Actualisé 25.03.2008 à 21:29

La vidéo surveillance divise les candidats

Avant les élections communales neuchâteloises du 27 avril, «20 minutes» évoque les thèmes de la campagne avec des candidats. Aujourd'hui: les caméras de sécurité.

«Au sein de notre parti, nous sommes partagés entre le respect de la liberté indiduelle et le droit à la sécurité», explique Alain Ribaud, candidat à l'exécutif du centre-ville au sein du Parti libéral, apparenté aux radicaux: «A mon avis, l'installation de quelques caméras permettrait de réduire notamment les tags qui fleurissent en ville. J'y suis donc plutôt favorable, dans le sens où la présence de caméras joue un rôle dissuasif». Avis clairement partagé par Steven Bill, candidat UDC à Neuchâtel: «Il ne s'agit pas d'en installer partout, mais dans les zones que je dirais «criminogènes», comme la place Pury à Neuchâtel.»

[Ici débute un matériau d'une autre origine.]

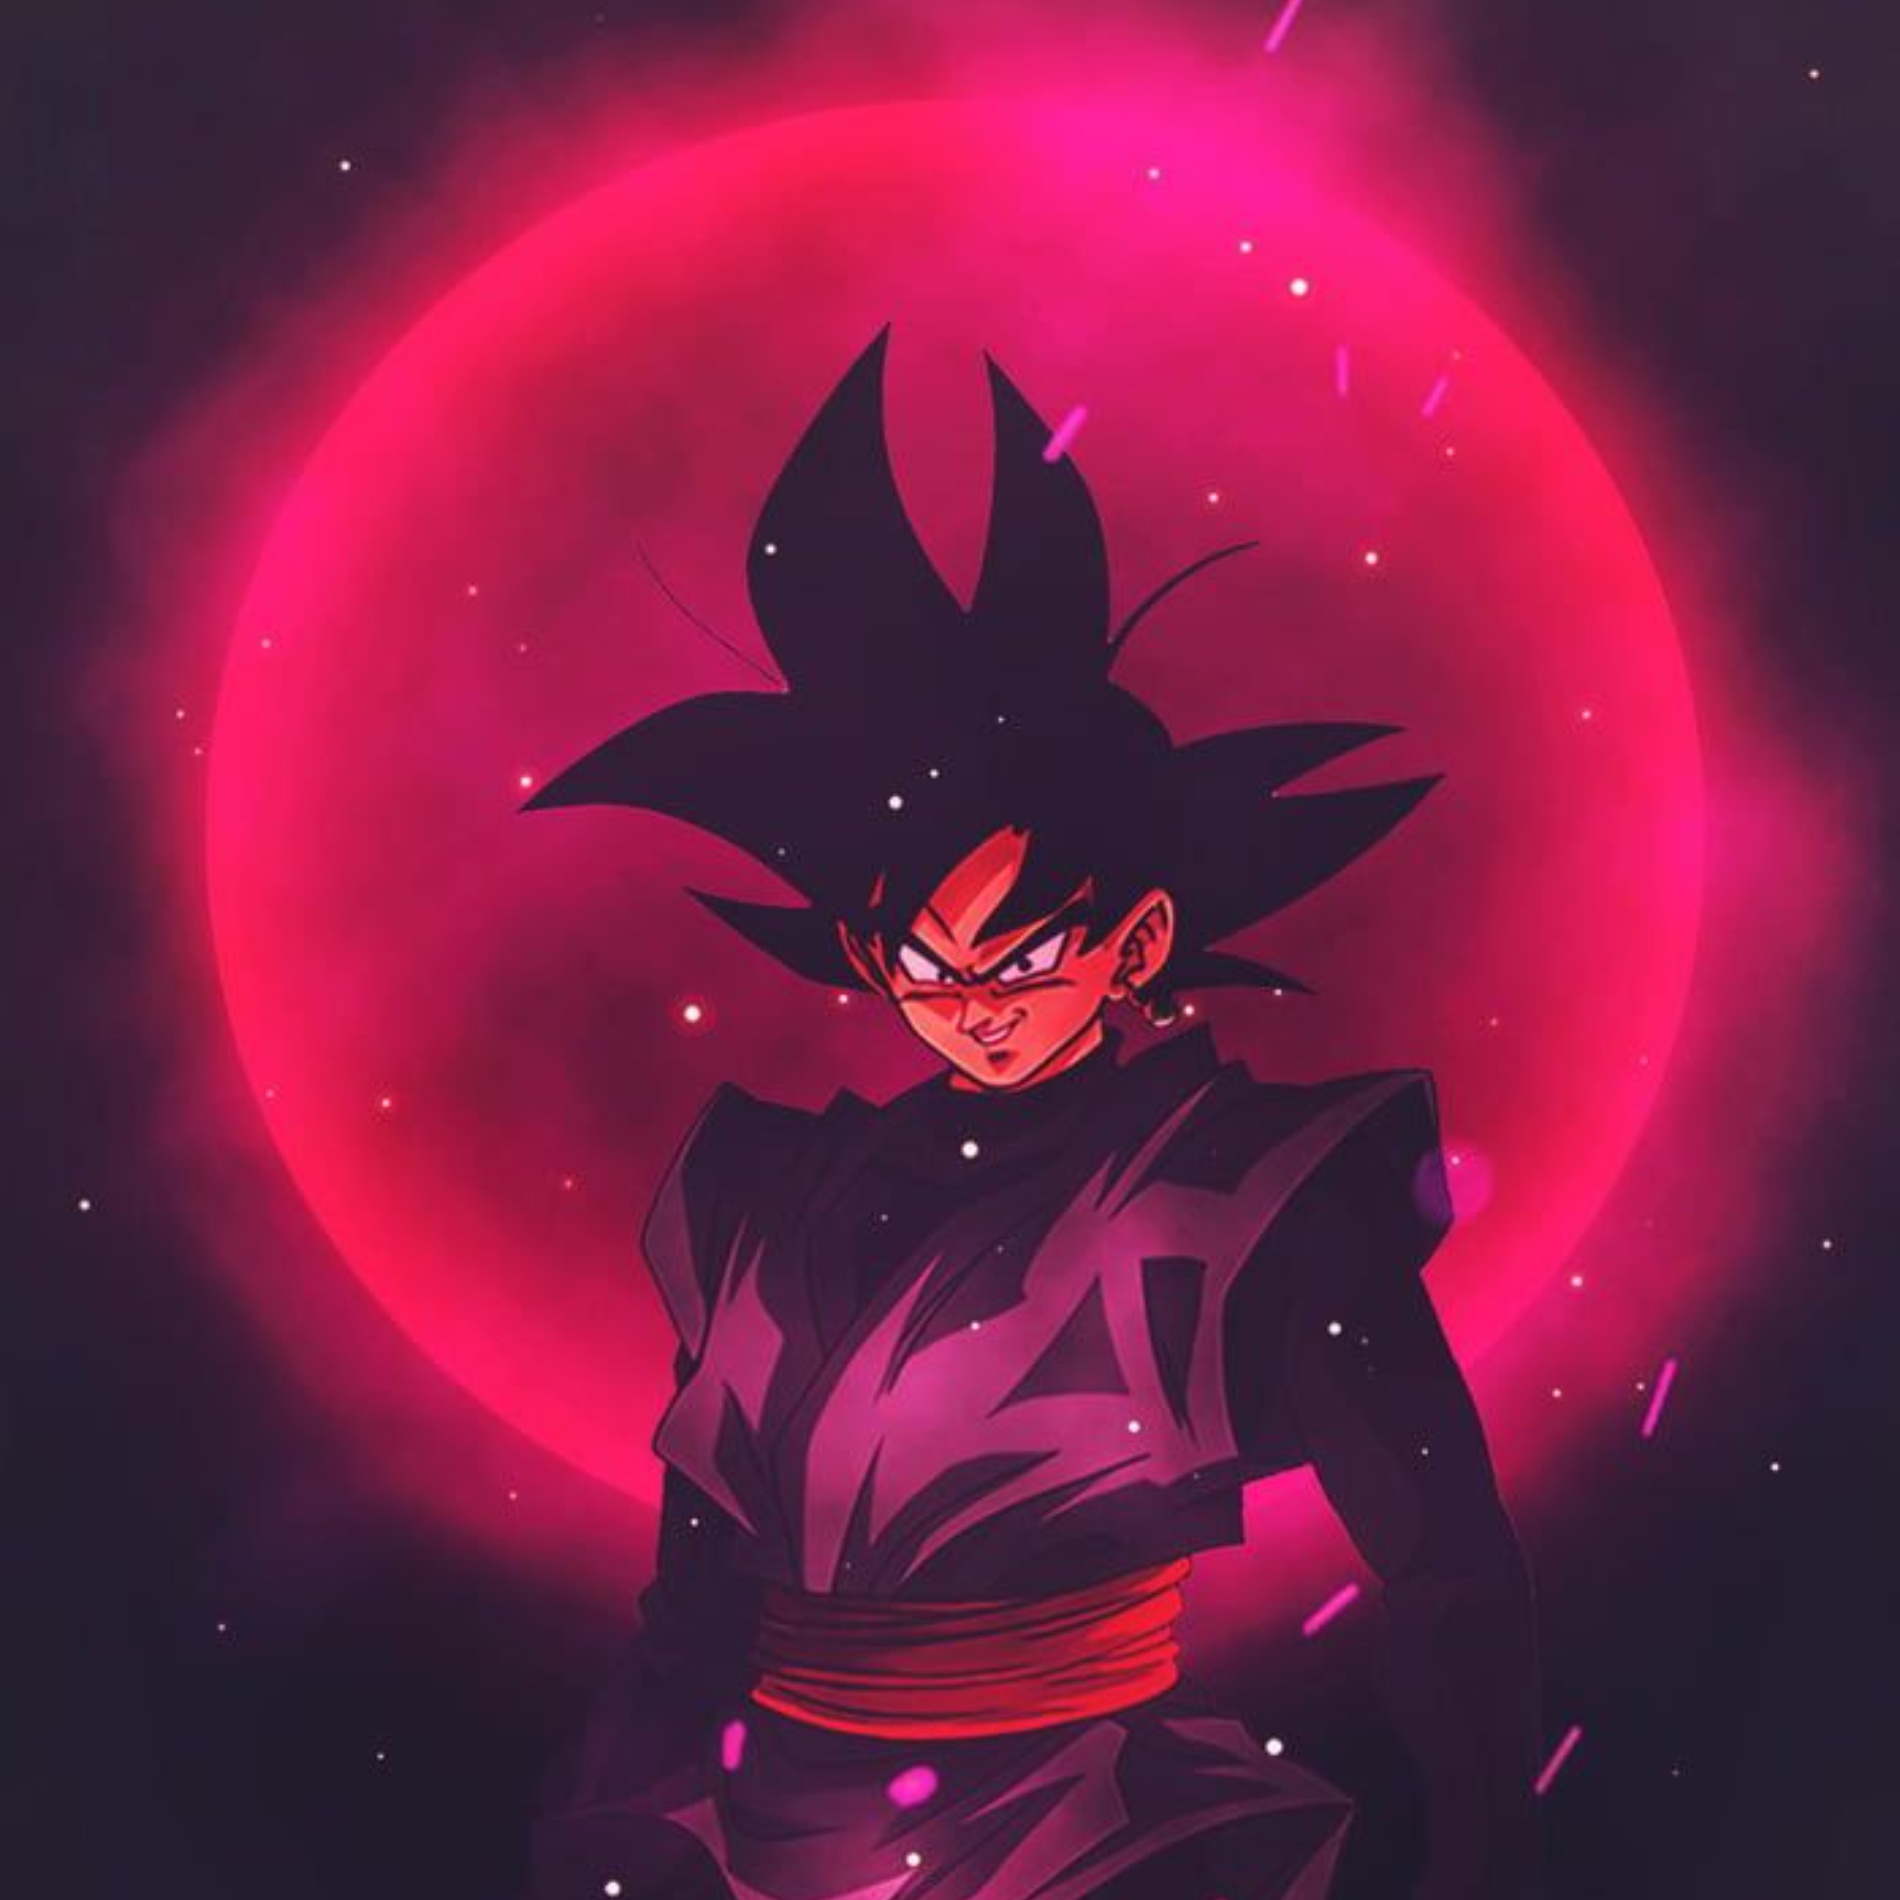 Aesthetic Goku Black pfp

«Il n'y aucune preuve de l'utilité d'un tel système», répond le socialiste Matthieu Béguelin, candidat au législatif du chef-lieu: «Nous préférons investir dans la prévention, pour que des déprédations ne soient pas commises, plutôt que de chercher à savoir qui les a commises. Nous sommes aussi favorables à une police de proximité, trop peu présente actuellement au centre-ville, notamment le week-end.»

«Si la caméra est là pour dissuader le délinquant, il ira simplement plus loin. La vidéosurveillance sert seulement à déplacer le problème», estime enfin Fabien Fivaz, candidat écologiste à La Chaux-de-Fonds.

Nando Luginbuhl

Sion prépare le terrain

La capitale valaisanne teste depuis le début du mois différents types de caméras. Plusieurs entreprises ont répondu à l’appel d’offres de la Municipalité. C’est pourquoi de nombreuses caméras sont installées au même endroit devant la gare. Un référendum avait été lancé par la gauche sédunoise contre la vidéosurveillance dans le domaine public, mais les référendaires n’ont pas réussi à recueillir assez de signatures.